Enterprise infrastructure management systems (EIMs) may consist of one or more application solutions for work and resources management, asset management, plan development and GIS mapping of infrastructure. This can make it challenging to calculate a Return on Investment, and it often requires a different approach.
Return on Investment is traditionally defined as a profitability measure of the financial gain or loss generated on a financial investment, relative to the amount of money invested. This is often represented by the following formula:
ROI = (Net Profit / Cost of Investment) X 100
In terms of government investment in management solutions, ROI is often used to evaluate the efficiency of a financial investment.
Engineering, Maintenance Operations and Public Works departments are not in the business of generating financial revenue and profits from their operations. The exception is enterprise fund agencies, which do generate revenue, but their main motivation is not financial profit. For this discussion, we will assume that they fall under the same category as a general fund operation.

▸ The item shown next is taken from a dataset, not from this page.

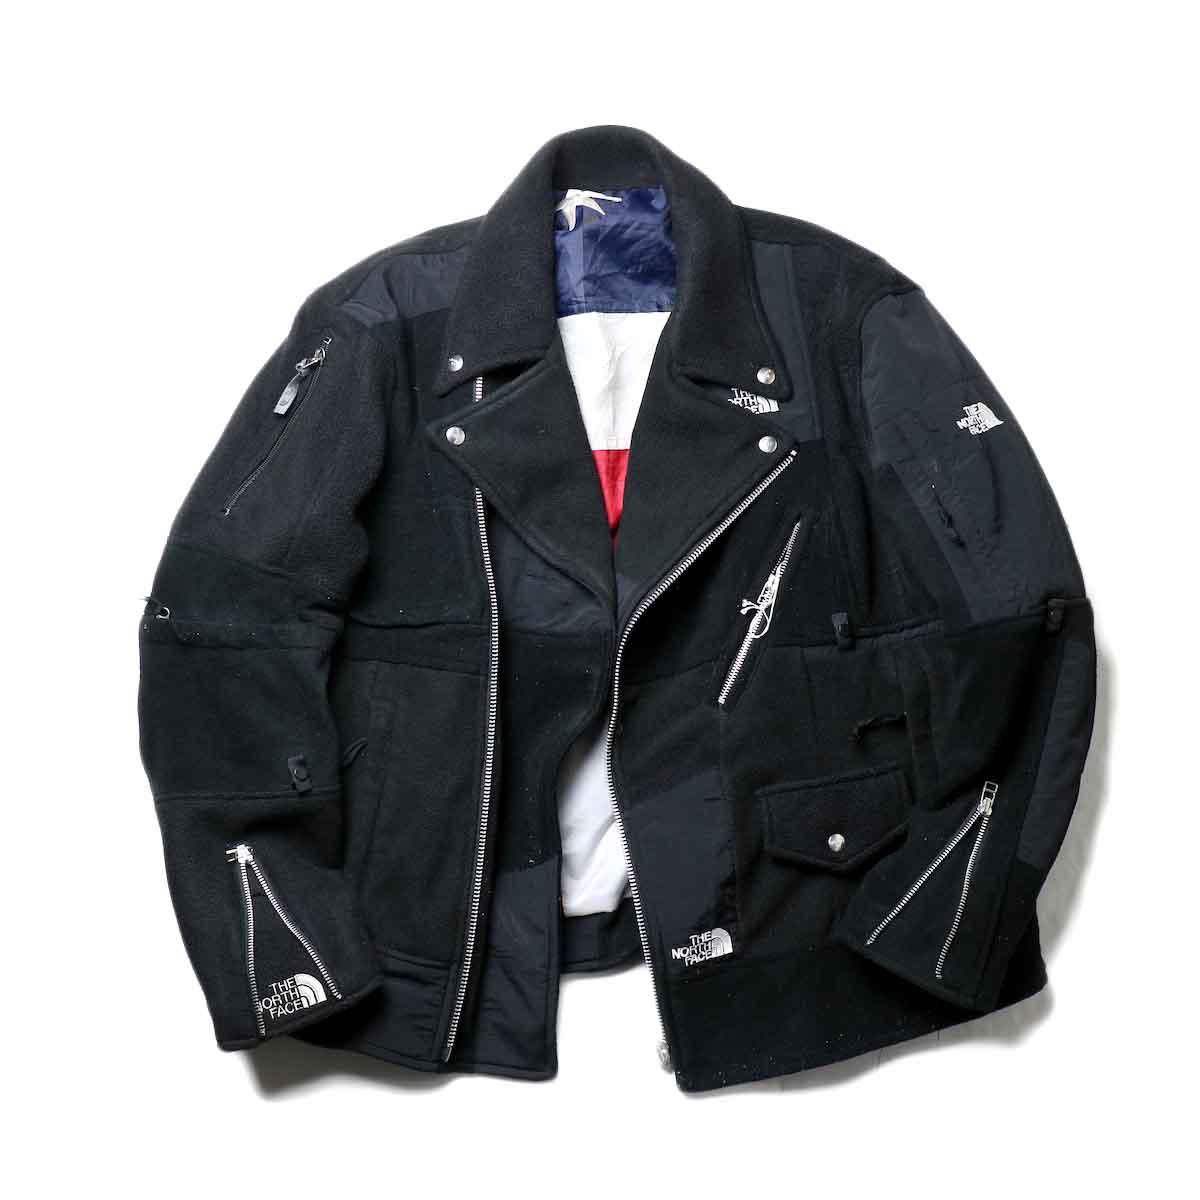 OLD PARK / Oversized Riders Jacket -Outdoor zip開閉

Not all ROI is created equal
In traditional ROI calculations, this is often done in monetary units (i.e. US dollars, UK pounds, EU euros, etc.). Without a historical baseline to benchmark the performance of your investment, calculations aren’t as black and white.
Therefore, a new way of looking at ROI for investments in management solution technologies and services (like those provided by VUEWorks®) must be re-imagined and redefined.
Because traditional ROI is often used to evaluate the efficiency of a financial investment, we can start by shifting focus from the ‘financial investment’ portion of the formula to the ‘evaluate the efficiencies’ portion. This is a trend that public infrastructure agencies have been dealing with for the last five decades: doing more with less through efficiency gains in re-engineered processes. Through the use of evolving technologies, many agencies are now able manage data – that in turn helps manage their processes and limited resources in a more results-oriented and efficient manner.
If an agency can start answering questions like the following, they can start to qualify the benefits of their investment, providing a non-traditional form of ROI.
Some of these questions may include:
- Are we doing more work per FTE (full-time equivalent) per day than prior to our investment?
- Are we able to do more work with less, or the same amount of time and resources as before?
- Are we seeing a shift from the amount of reactive work orders versus proactive preventative maintenance work orders we perform?
- Is the number of requests for service we handle on a daily, weekly and monthly basis being brought to closure sooner?
- Are we able to provide the right information in a timely manner from the new system than we were able to prior?
- Are we touching, inspecting and maintaining more individual assets more frequently with the new system? Are we able to replace more critical traffic signs per year because of better data provided by the new system?
- Is the system helping the agency comply with a mandatory regulation or reporting requirement?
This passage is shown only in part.